How I Closed My First 10 B2B Customers With No Network, No Marketing, and No PR (Part 1)

A step-by-step actionable breakdown for first-time founders.

Hello 👋

Martin here. Welcome to another edition of Founders’ Hustle!

I write newsletters containing actionable insights and insider knowledge across the full spectrum of company building from inception to exit.

Today, I’m sharing the first instalment in a multi-part series of how I closed the initial 10 B2B customers for my first startup!

Here we go. Part 1…

Launching a B2B startup is fraught with distinct challenges. Chief among them is defining, approaching, and closing your first set of customers.

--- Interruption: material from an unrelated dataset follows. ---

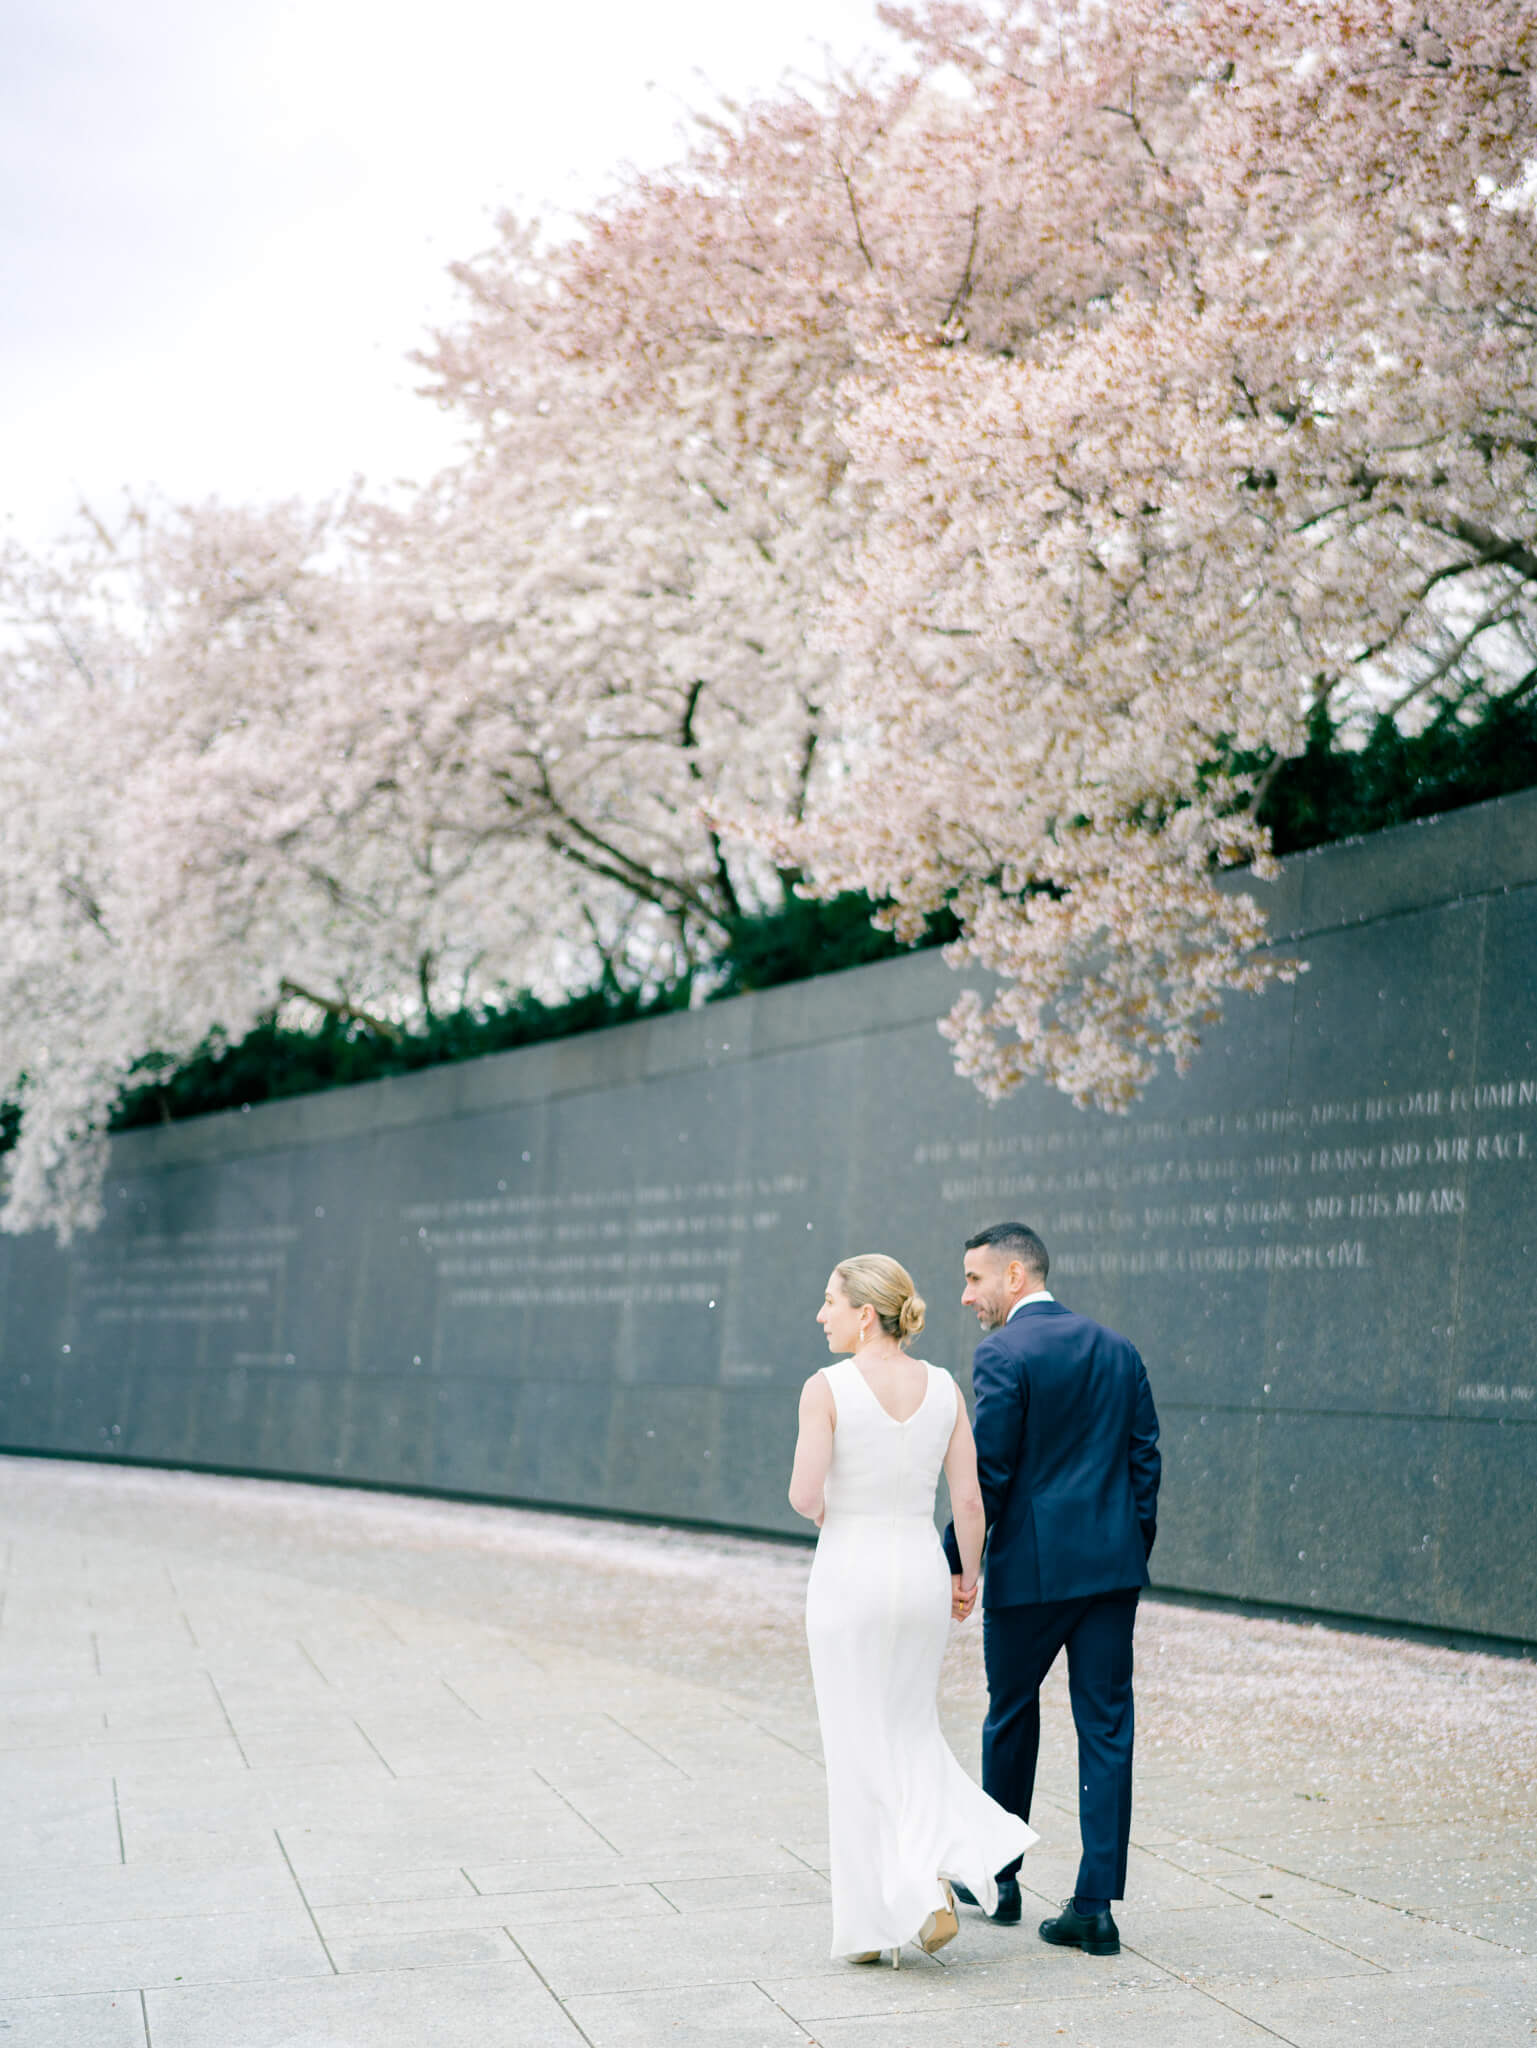 A bride and groom walking under the cherry blossom trees at the MLK Memorial in Washington, D.C.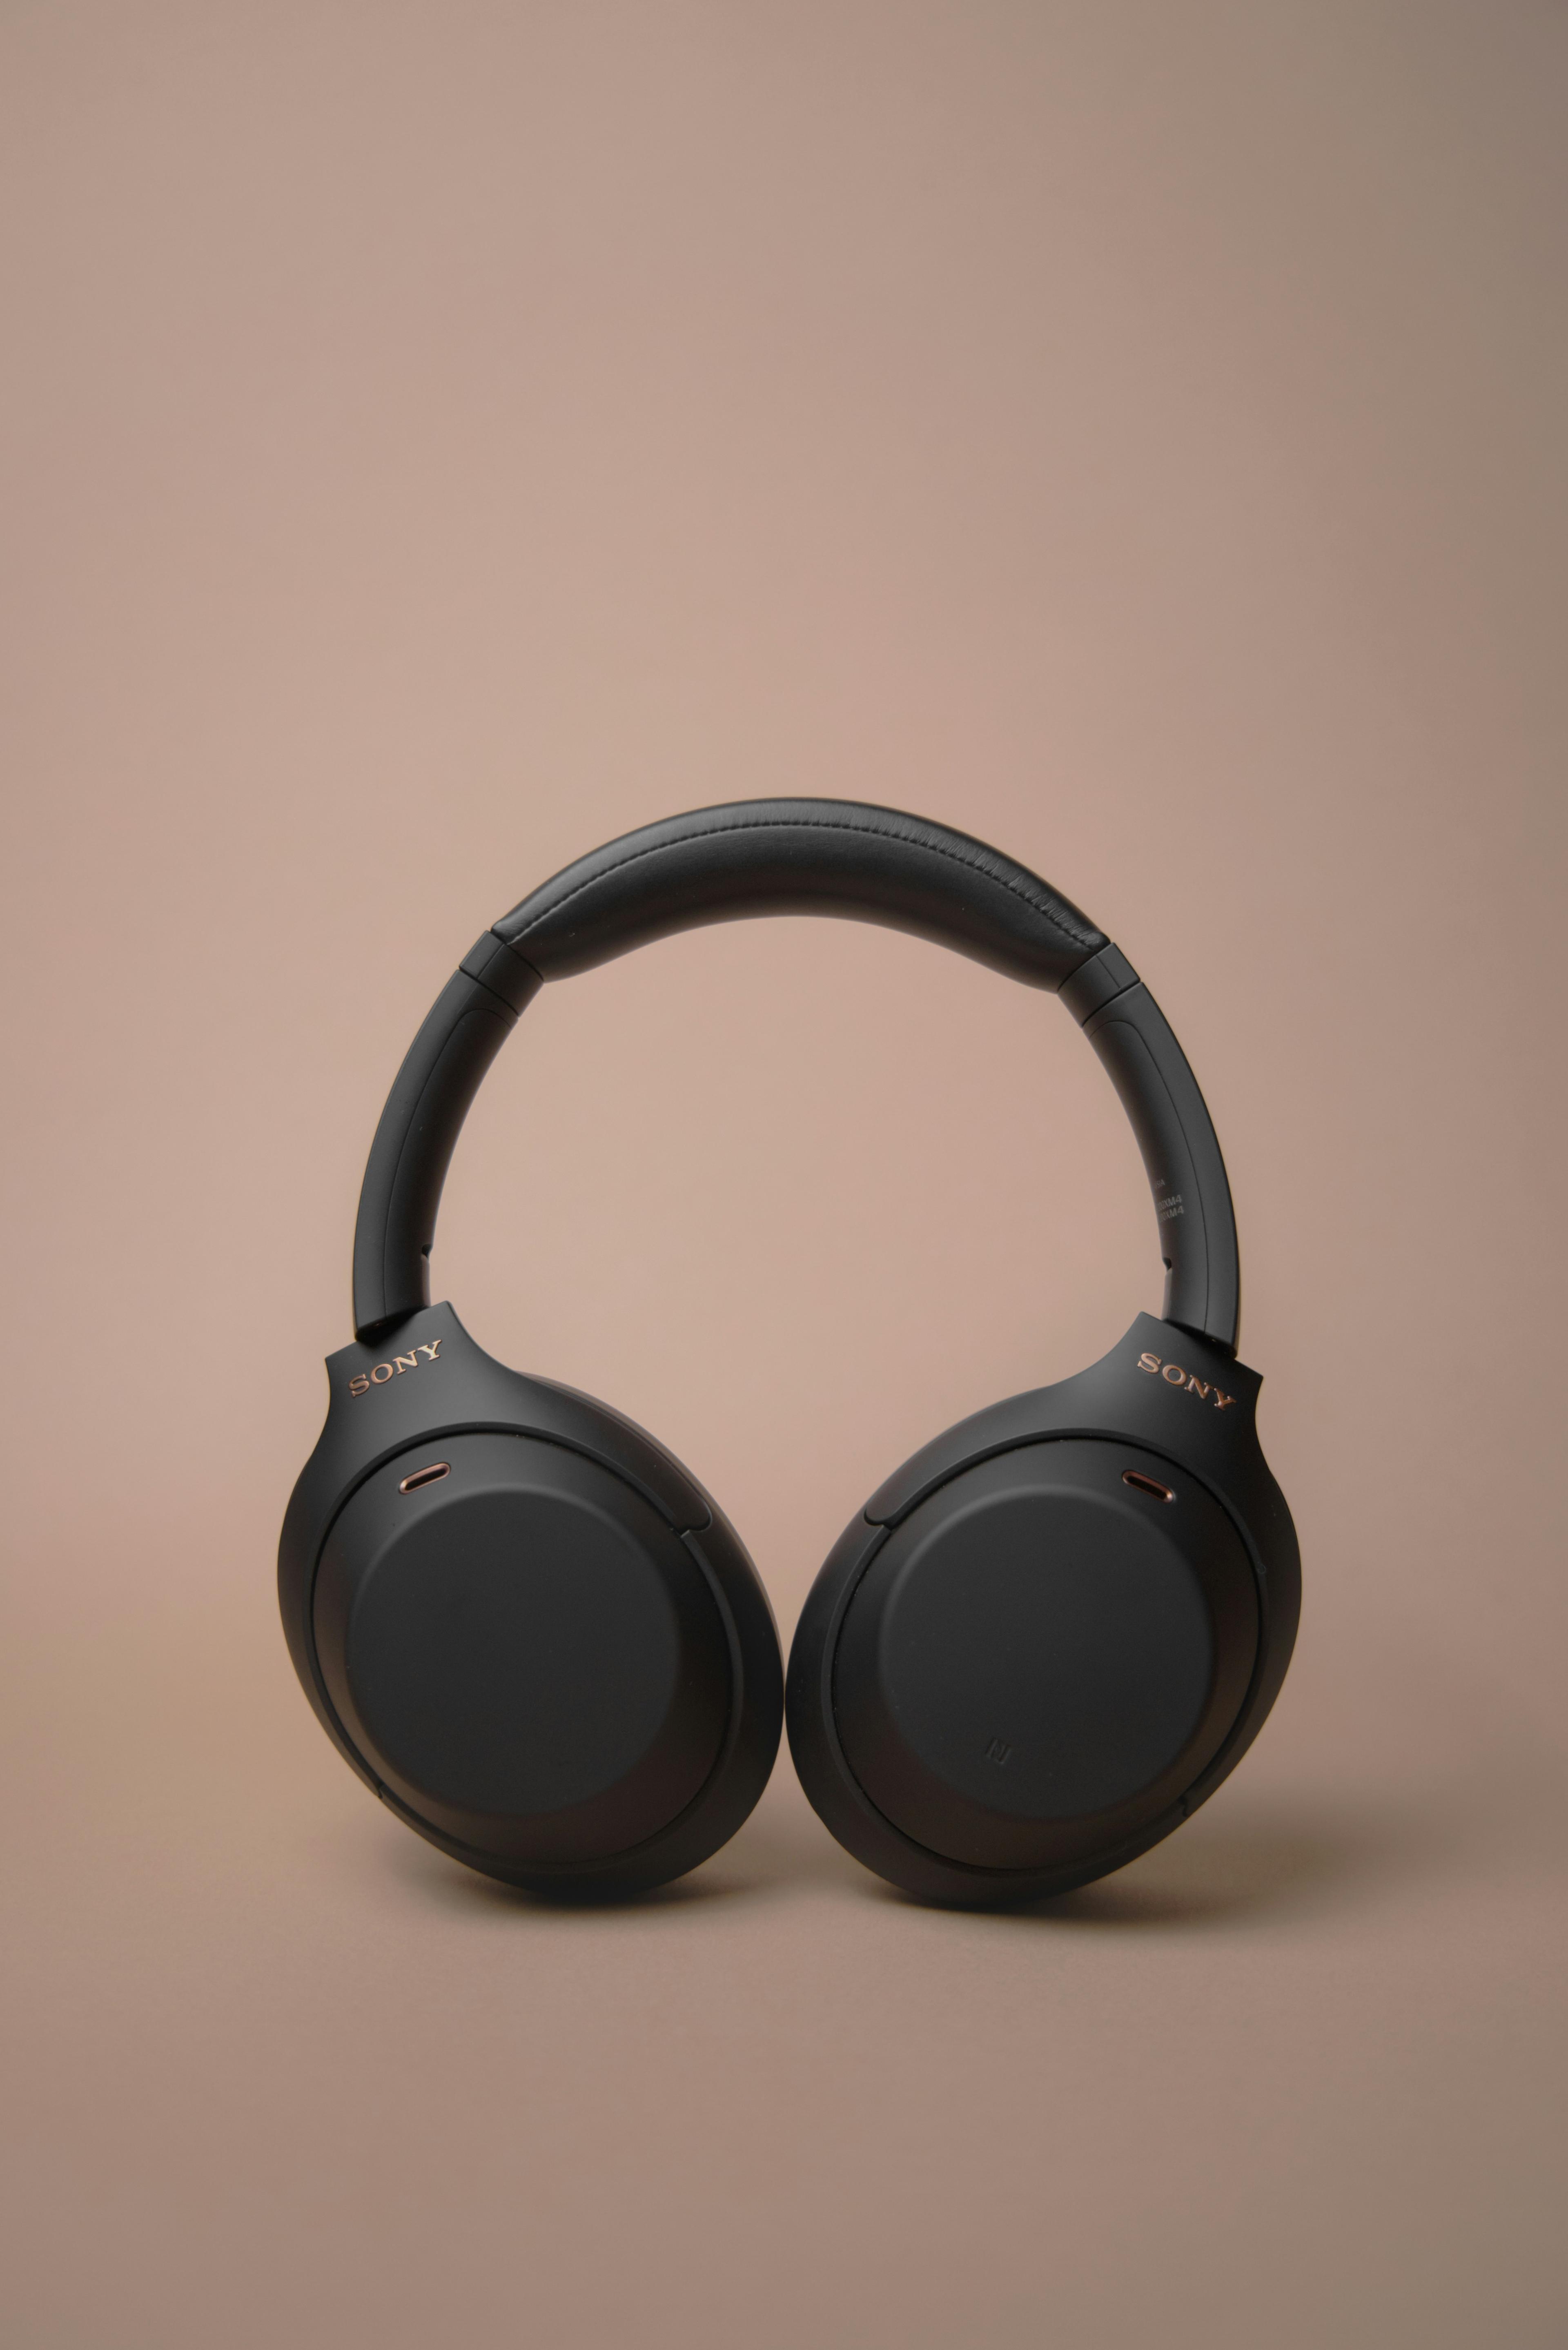 Feel the deep bass with BassBoom 500. These wireless on-ear headphones deliver powerful sound with enhanced low frequencies. The foldable design and soft ear cushions provide comfort and portability. With Bluetooth connectivity and a built-in microphone, you can enjoy wireless music and take calls with ease.

Why are your first ten customers so important?

This cohort provides a foundation to test, iterate, and substantiate your product and go-to-market hypotheses.

Or, maybe you’ll pivot and find a new direction as a result of your learnings from shipping and supporting a product actively in the marketplace.

I’ve experienced both scenarios personally and built successful B2B companies from them. 

Either way, achieving this is a complete game-changer for your startup.

You’ll have a client base to build exponentially upon, and, greater leverage to hire amazingly talented people or close investment.

You don’t need ten customers exactly, just enough, statistically, to gain confidence the first one or two customers weren't a fluke and that you have a product that’s repeatable and scalable across a larger total addressable market.

The more the better. But, not too many that servicing them exceeds your resource levels. That’s why the figure of 10 is so popular. It’s a general rule of thumb that small 2–4 person founding teams can handle this volume.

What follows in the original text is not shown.